[Opening SOURCE MATERIAL section]

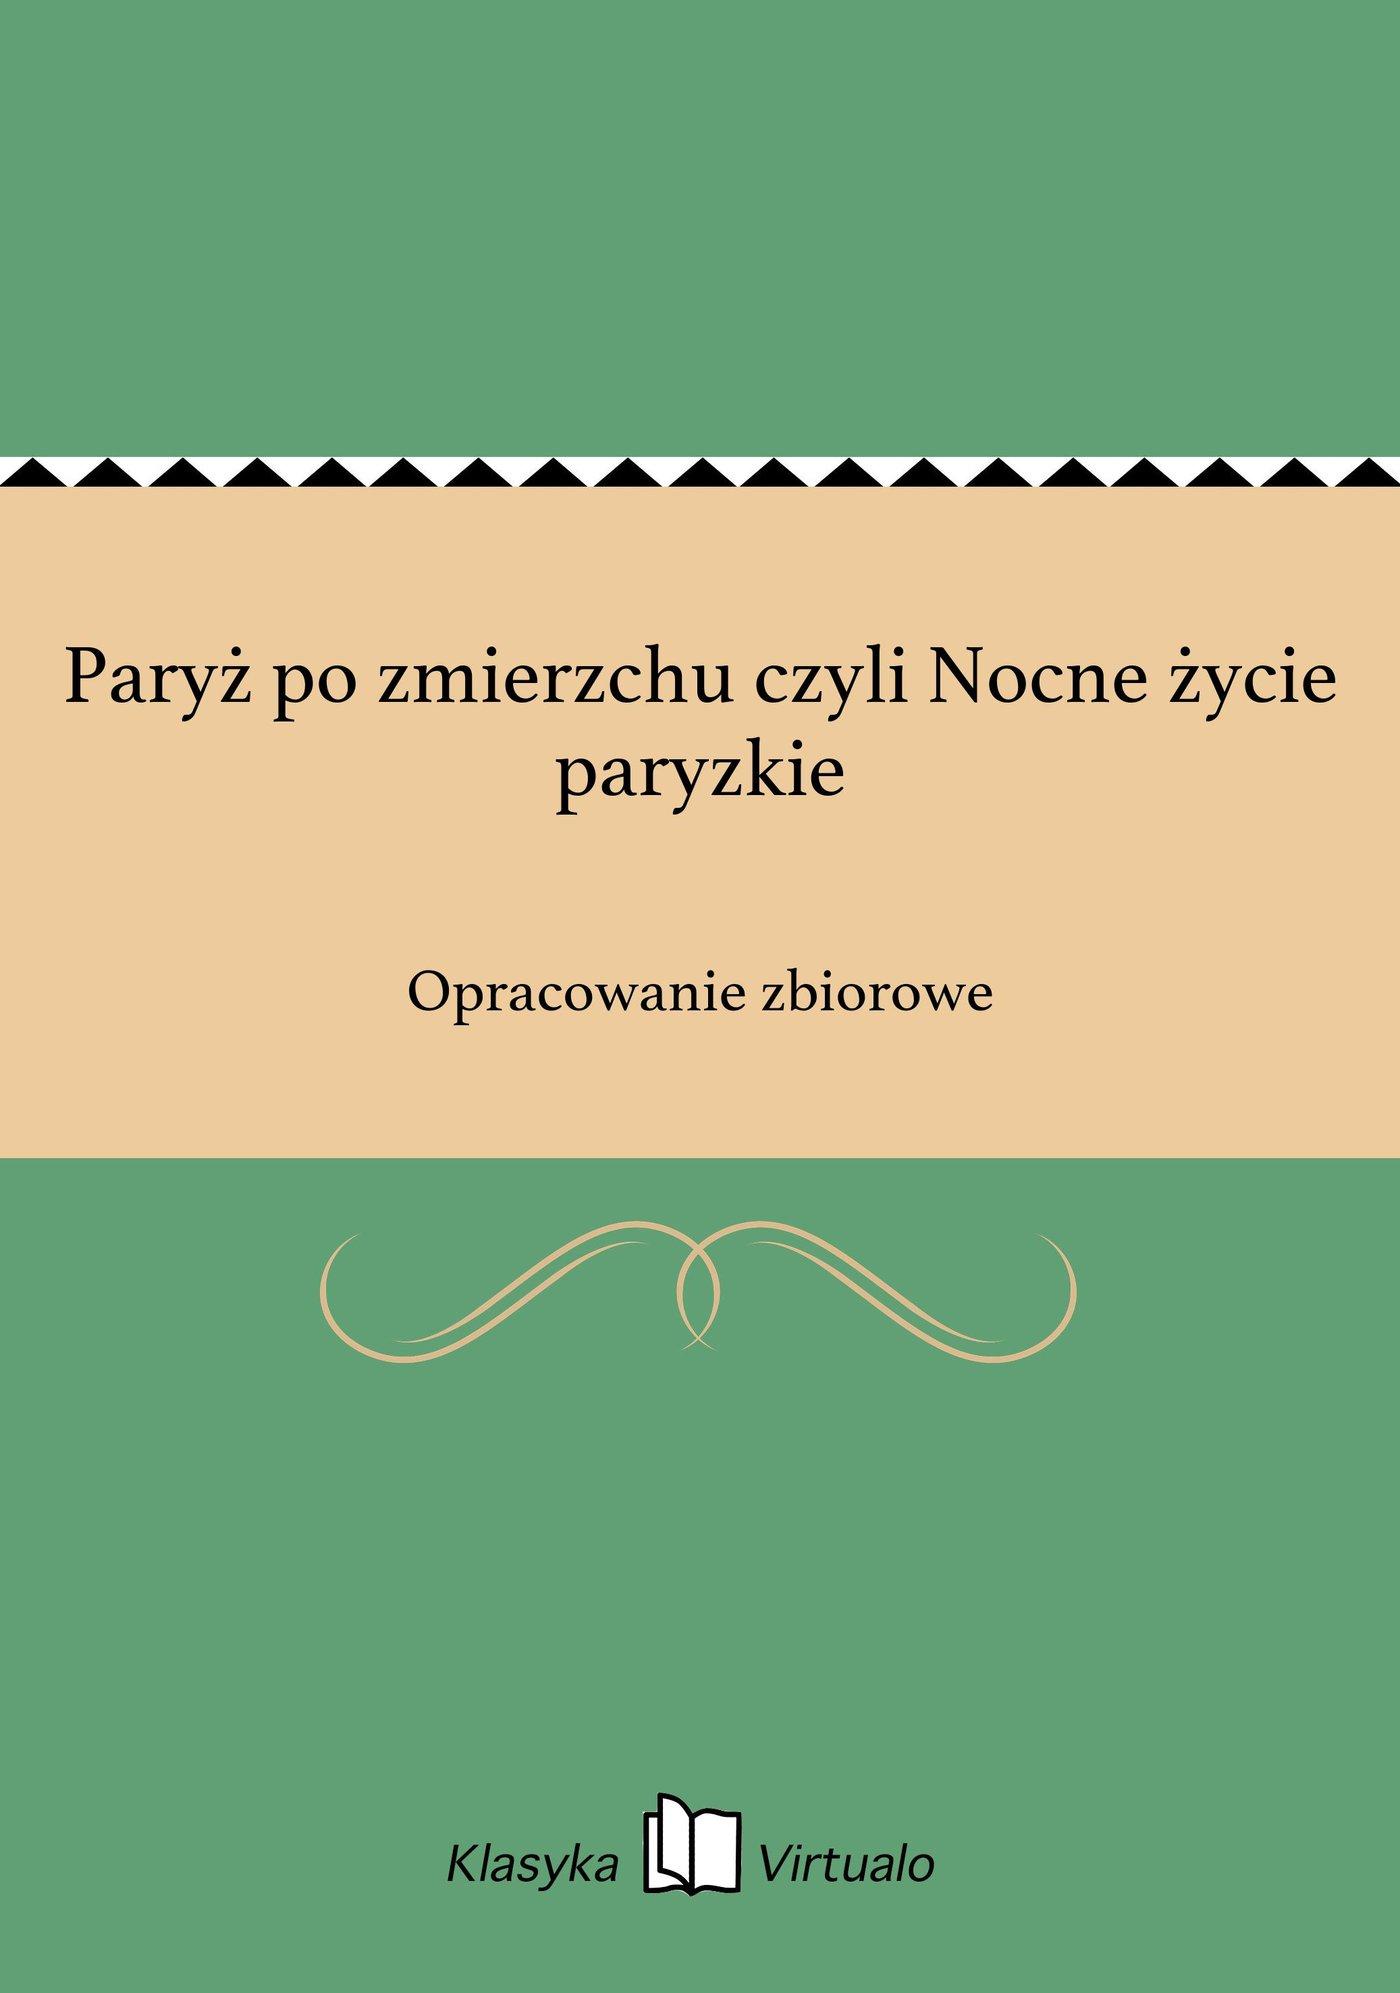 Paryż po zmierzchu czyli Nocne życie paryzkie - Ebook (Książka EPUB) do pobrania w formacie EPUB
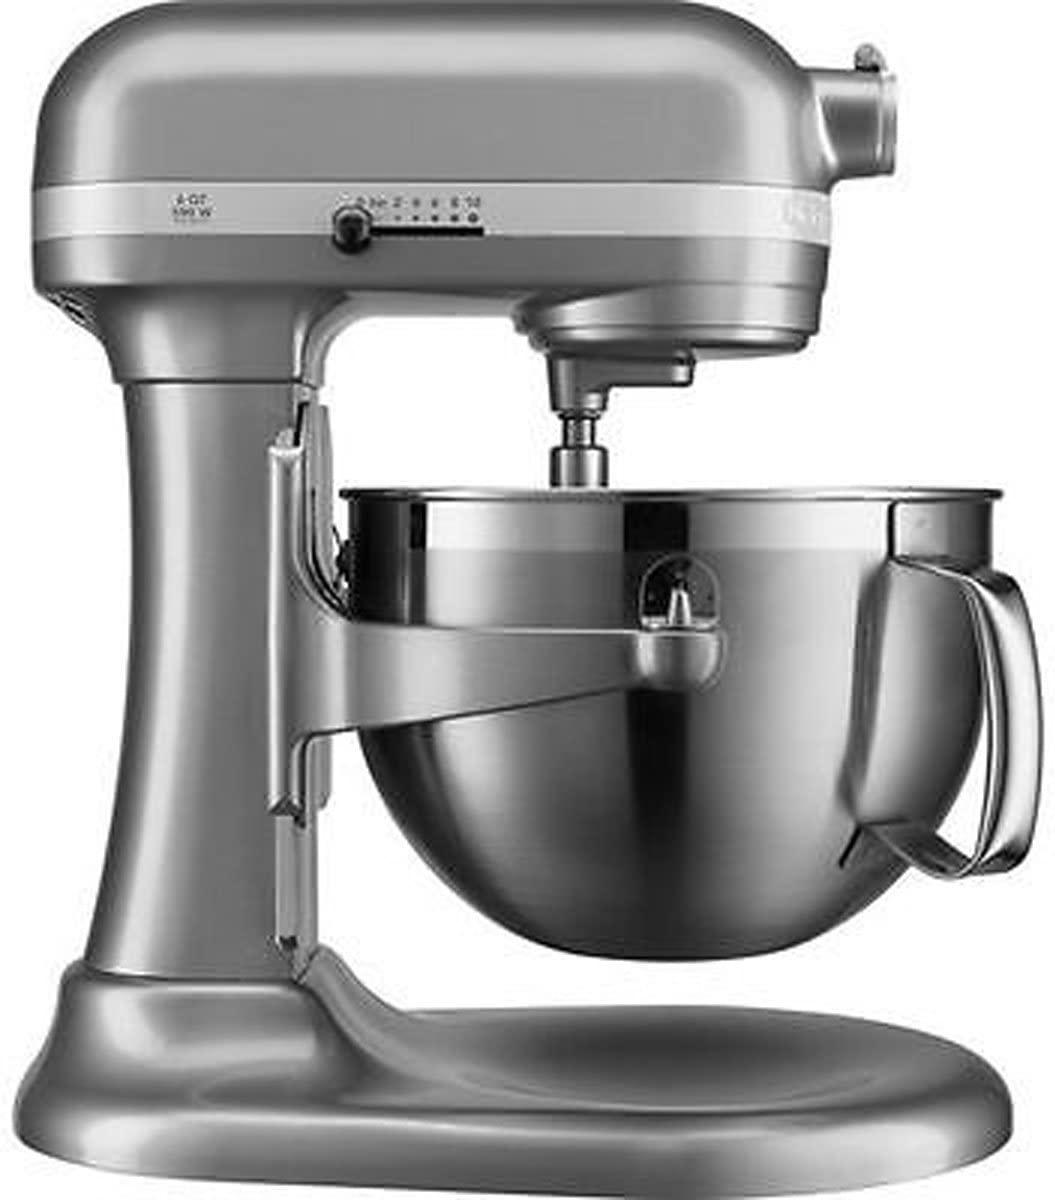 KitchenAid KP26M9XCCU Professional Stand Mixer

[Closing SOURCE MATERIAL section]
[Opening SOURCE MATERIAL section]

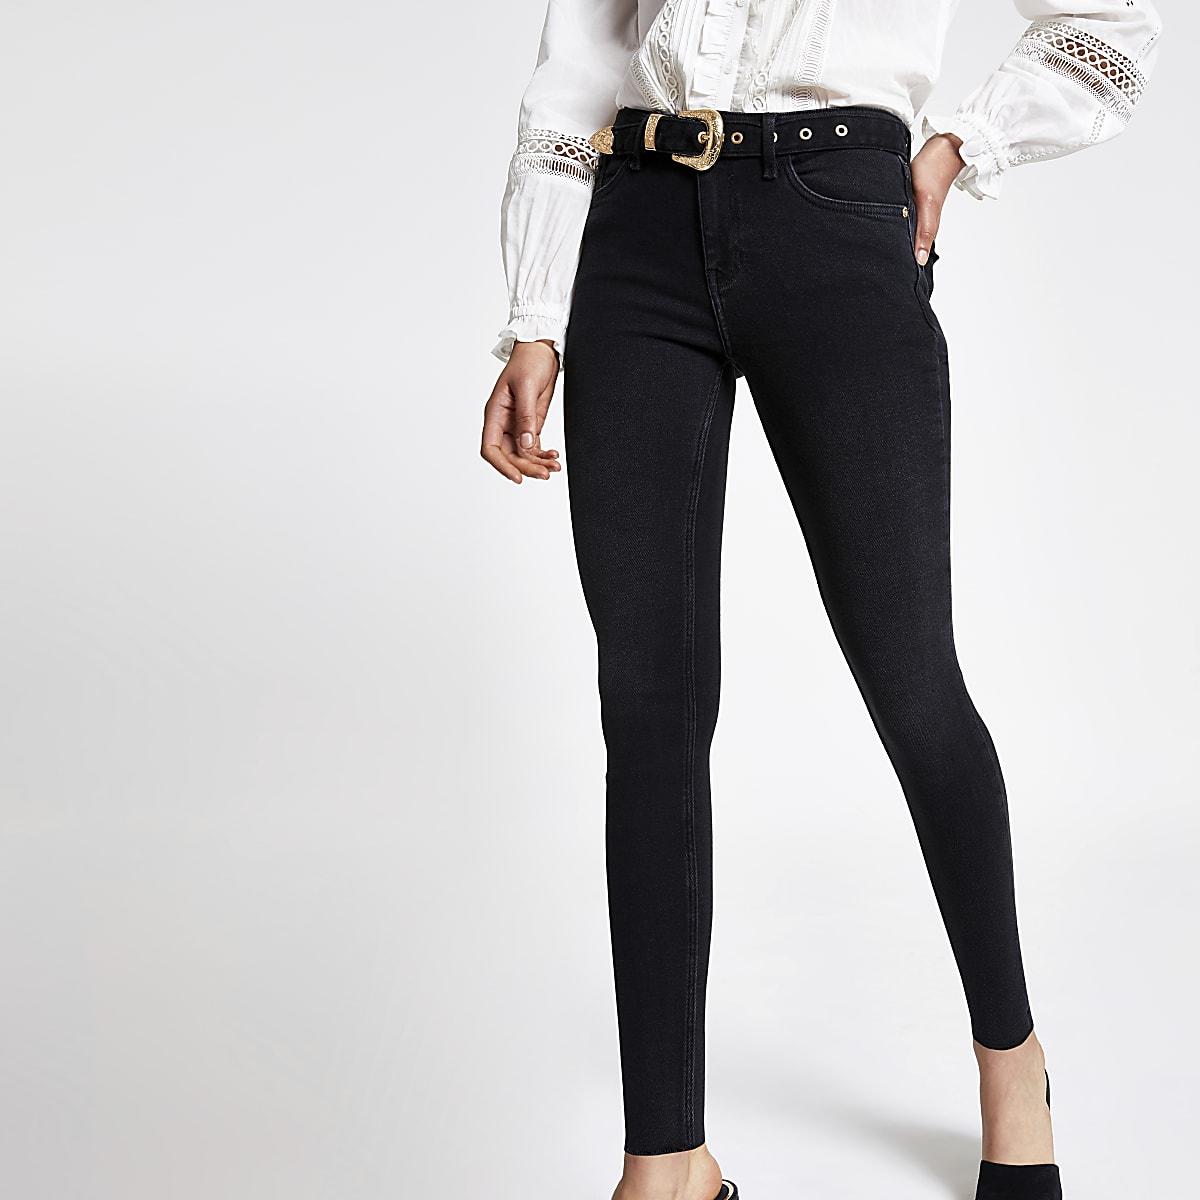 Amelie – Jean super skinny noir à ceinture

[Closing SOURCE MATERIAL section]

* **TASK STATEMENT**
Among the entries above, locate the line with "Paryż po zmierzchu" and the line with "KitchenAid KP26M9XCCU Professional". Give those two lines and all lines between them again, exactly, leaving out the pictures.

* **YOUR RESPONSE**
 Paryż po zmierzchu czyli Nocne życie paryzkie - Ebook (Książka EPUB) do pobrania w formacie EPUB
 KitchenAid KP26M9XCCU Professional Stand Mixer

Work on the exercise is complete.